There are more than a million music artistes in Nigeria; popular and unpopular, professionals and amateurs. How many of them are really making good music?
In a line-up of 10 Nigerian youths, one would find at least 8 of them to be rappers of sorts, singers, songwriters, lyricists, or whatever they choose to call it these days. In short, upcoming artistes. The question now is, how many of these so called upcoming people actually do come up?
I’ll take it from the top. A few days ago, something intriguing was retweeted unto my TL. According to @CelebFacts9ja, ‘Nigeria has the highest amount of Artistes in Africa’. The good Lord knows I wasn’t surprised, but it struck a chord. I had to ask; why???

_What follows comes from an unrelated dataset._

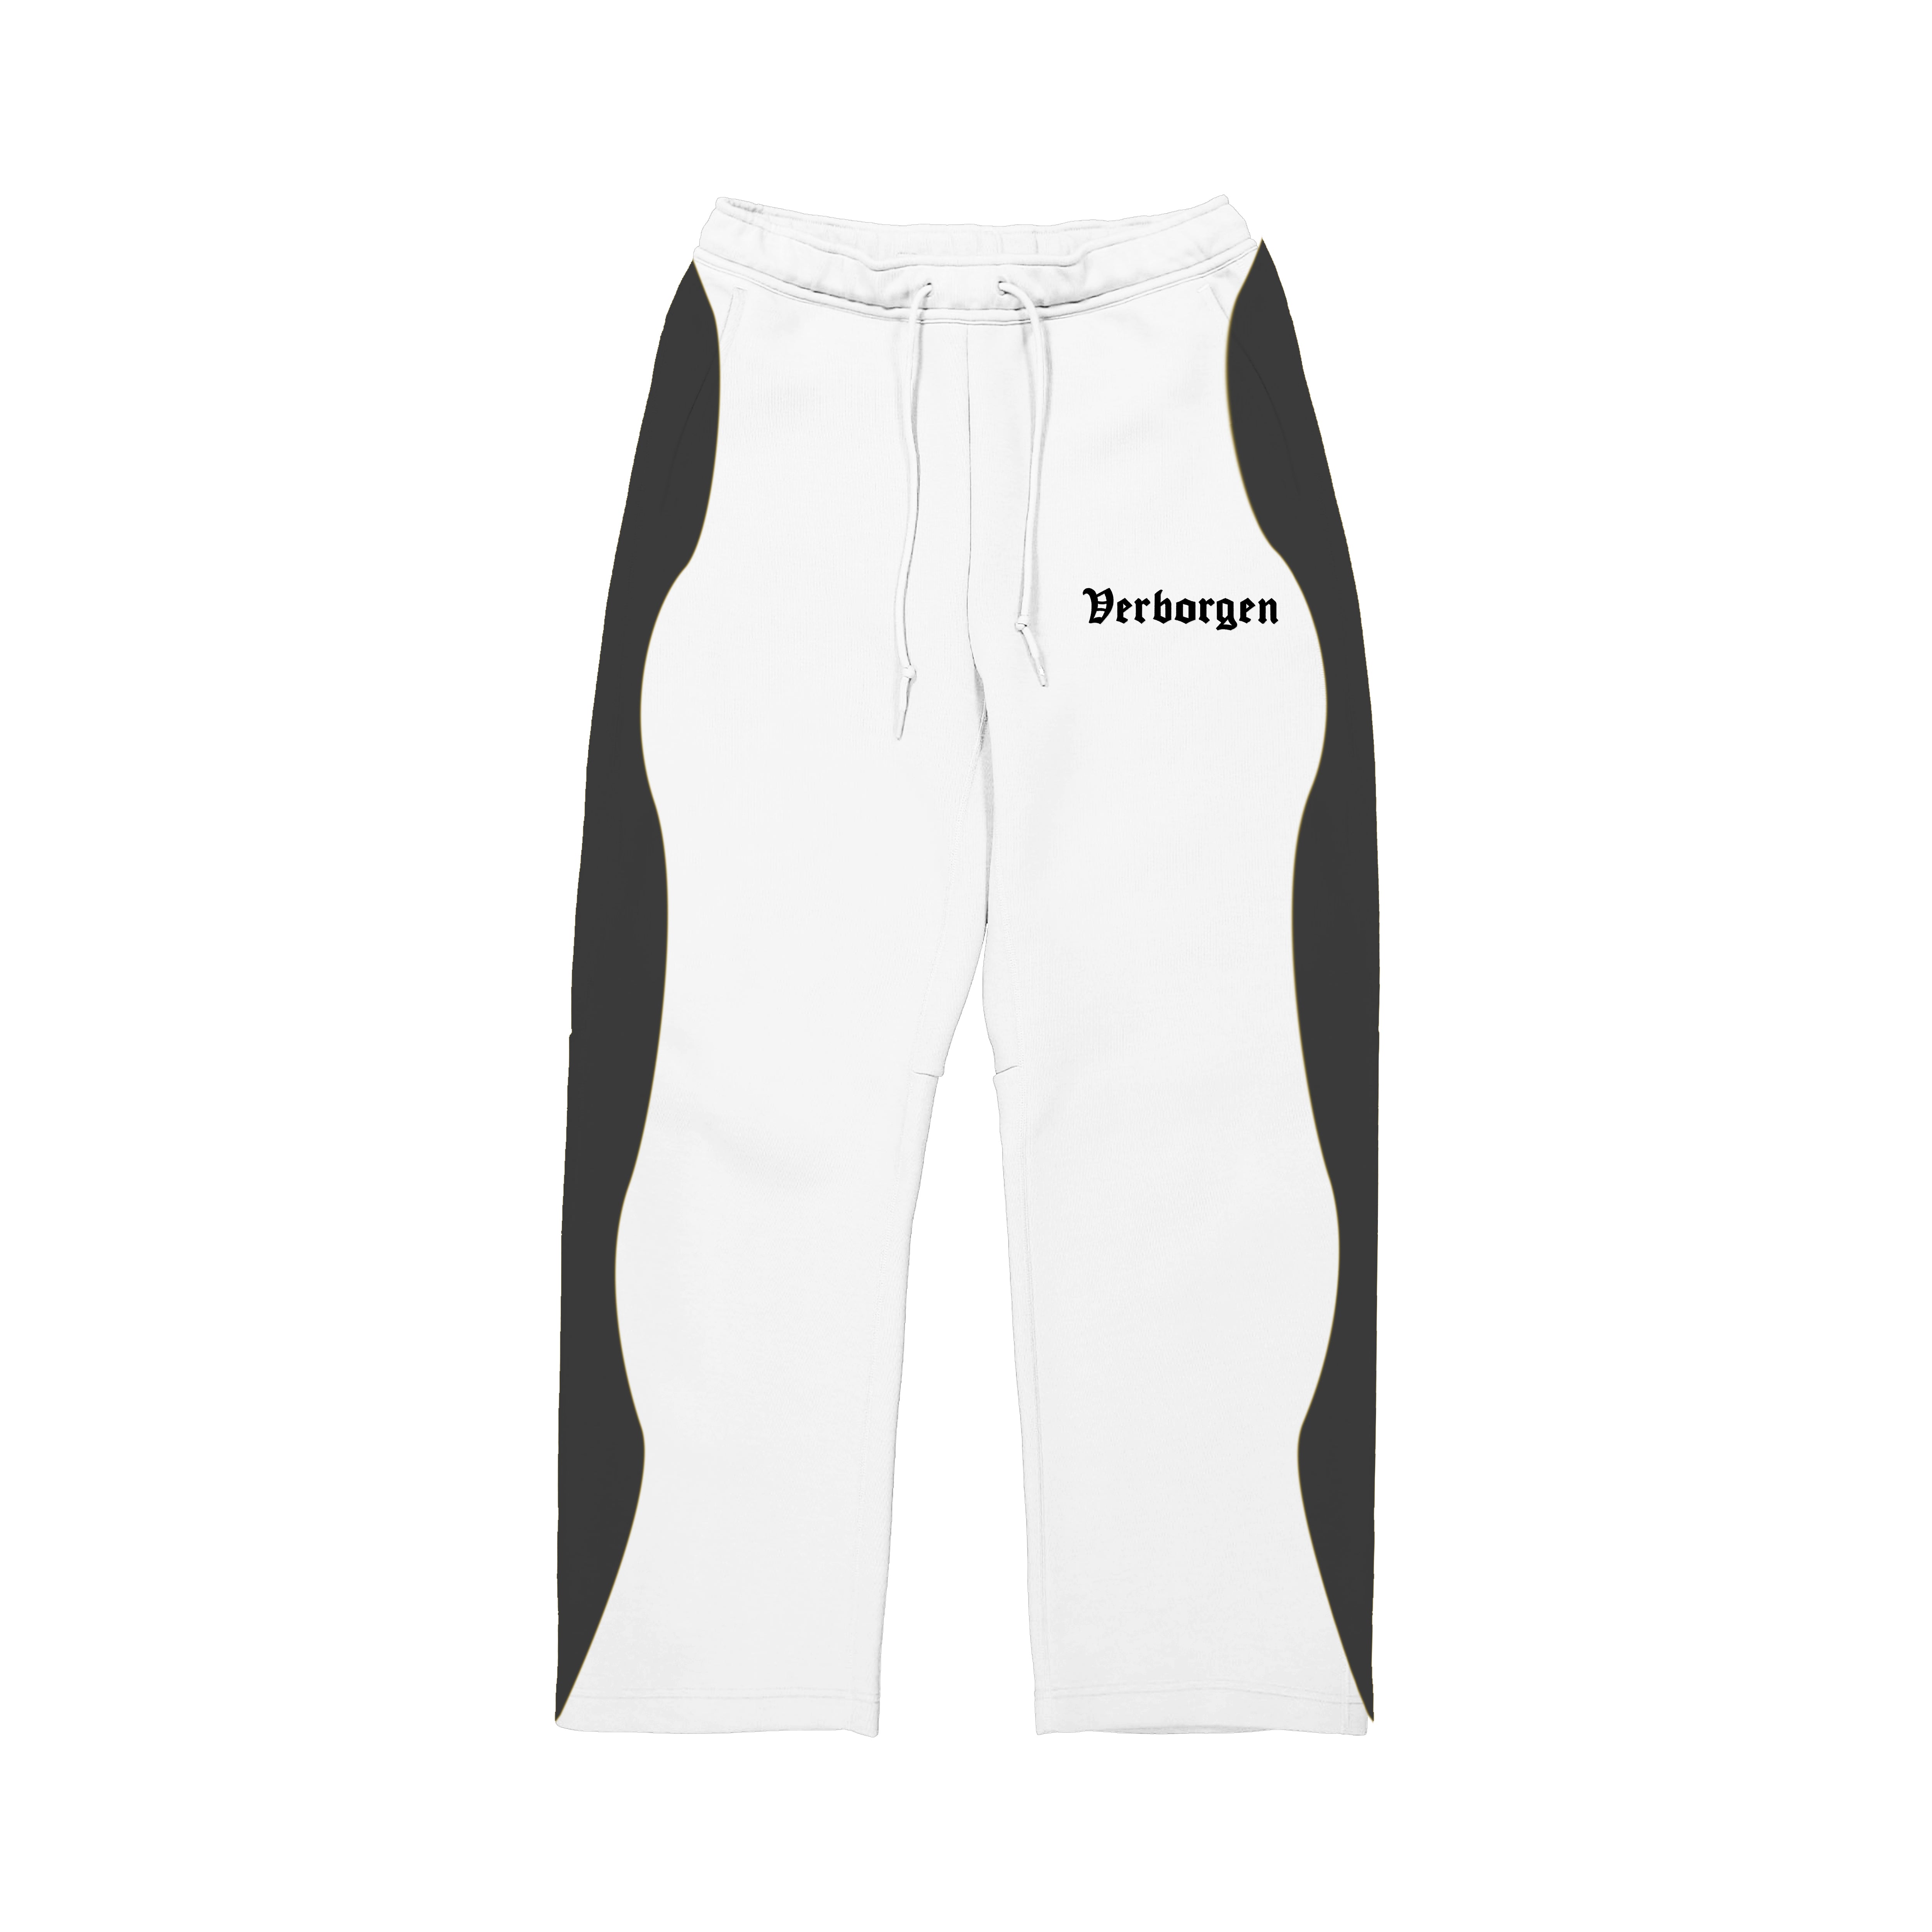 Pantalon de jogging brodé 2 tons - Blanc/Noir
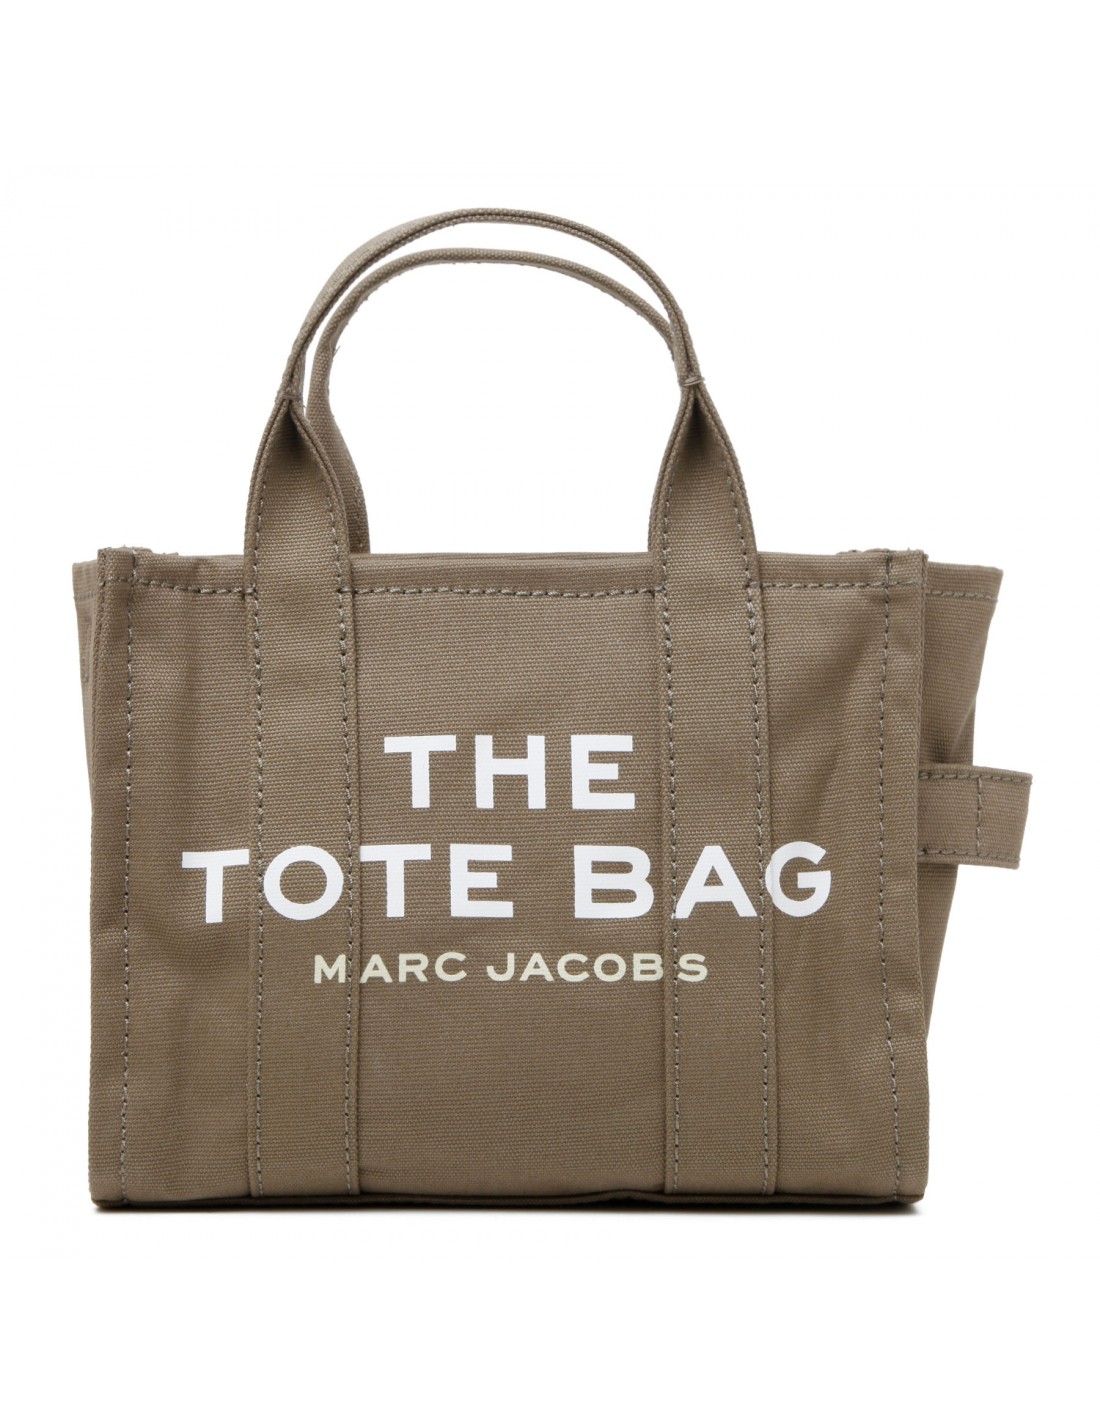 The mini tote bag  Le Noir - Unconventional Luxury

My name’s Pearl, and I’m a self-styled sarcastic rant enthusiast. I like to take things apart and find the worms that are destroying them from within. I like to get to the root of the matter. In short, I like to know why, hoping that in knowing why, I might be able to be the beginning of a change. Mayhap if my voice is heard, this change might be achieved. But I digress.
Why are there so many self acclaimed artistes? Is there really that much talent in Nigeria? Personally, I think not. I mean, if one listens to the ‘New Artist’ session on the radio, one is like to take a baseball bat to the radio in self-defence. Or smash the radio on the wall. Bad, grating voices, retarded lyrics, boring beats, poor production, the list goes on. Abeg, wetin na? Do these people want to blow out our eardrums? I think they forget something important; MUSIC. Yes, I know the lyrics don’t have to make sense, a good jam is a good jam, at least in Nigeria. A good jam isn’t necessarily good music, but then, how many ‘good jams’ can we get out of artistes, upcoming and already made alike? I belong to the school of thought that declares that your ‘hustle’ is no reason for causing earaches. I mean, let’s look at this with an unbiased view. I know everybody’s trying to get made, and the fastest way seems to be getting into the music industry, but if everyone that wants an in gets it, who would remain to listen? This is assuming that everybody trying to get in has some talent, of course.
The singers probably have the easier way of it; once they have uniquely good voices, lovely beats, and some ‘ baby whine for me’ give it to me, bend down low’,’the finest girl, the sexiest girl’ lyrics, BAM! They make it. But the rappers? Hell no. Years ago my dad used to rant about youths not reading their books but trying to sing every rubbish they could imagine(I guess I got my ranting gift from him). I used to argue with him. I thought he was just being ‘old-school’. But then over the years I realised how right he was. Especially as far as rappers are concerned. What do you have as a rapper, if not words? How do you get these words, but from reading? We look up to MI, Olamide, Phyno, Vector and such as really good rappers, but has it occurred to anyone that these people must spend a lot of time reading? No? I’m an avid reader myself, I love wordplay, and I can tell you that sometimes their bars just kill me. The wordplay is so smooth, so ‘punny’, it just takes my breath away. It gives me ‘Isingbaka’. Scatters my head, straight up. If these people write these bars themselves, then you should know they spend a lot of time in books and dictionaries. Take that from someone who reads dictionaries as a hobby. I figure many people don’t realise this, especially the upcoming rappers. Mostly, they recycle used bars, at least to the best of my knowledge. It’s only the really good ones, or those that have great lyricists that make it in. So my advice, if you’re a rapper, and you don’t like to read, please hire someone who does. Nobody’s ready to listen to lame bars these days.
I want to bring this rant to an end (grin). I’m sure I’ve stepped on toes. Sorry, the glaring truth does that a lot. I just want to say, I do appreciate that everyone is trying to make it big, trying not to be swept away by the sea of unemployment. I understand this very well. I also understand that there are other industries. You might find that fashion would work better for you than music. I’m a jane-of-many talents myself, but I steer clear of music and stick to dancing. I do hope the really good guys make it in. I need more dope jams to choreograph. I also need more sick bars to bring me to my knees and make me confess that I’m a mere novice at wordplay. But all in all, may the stronger hustler win!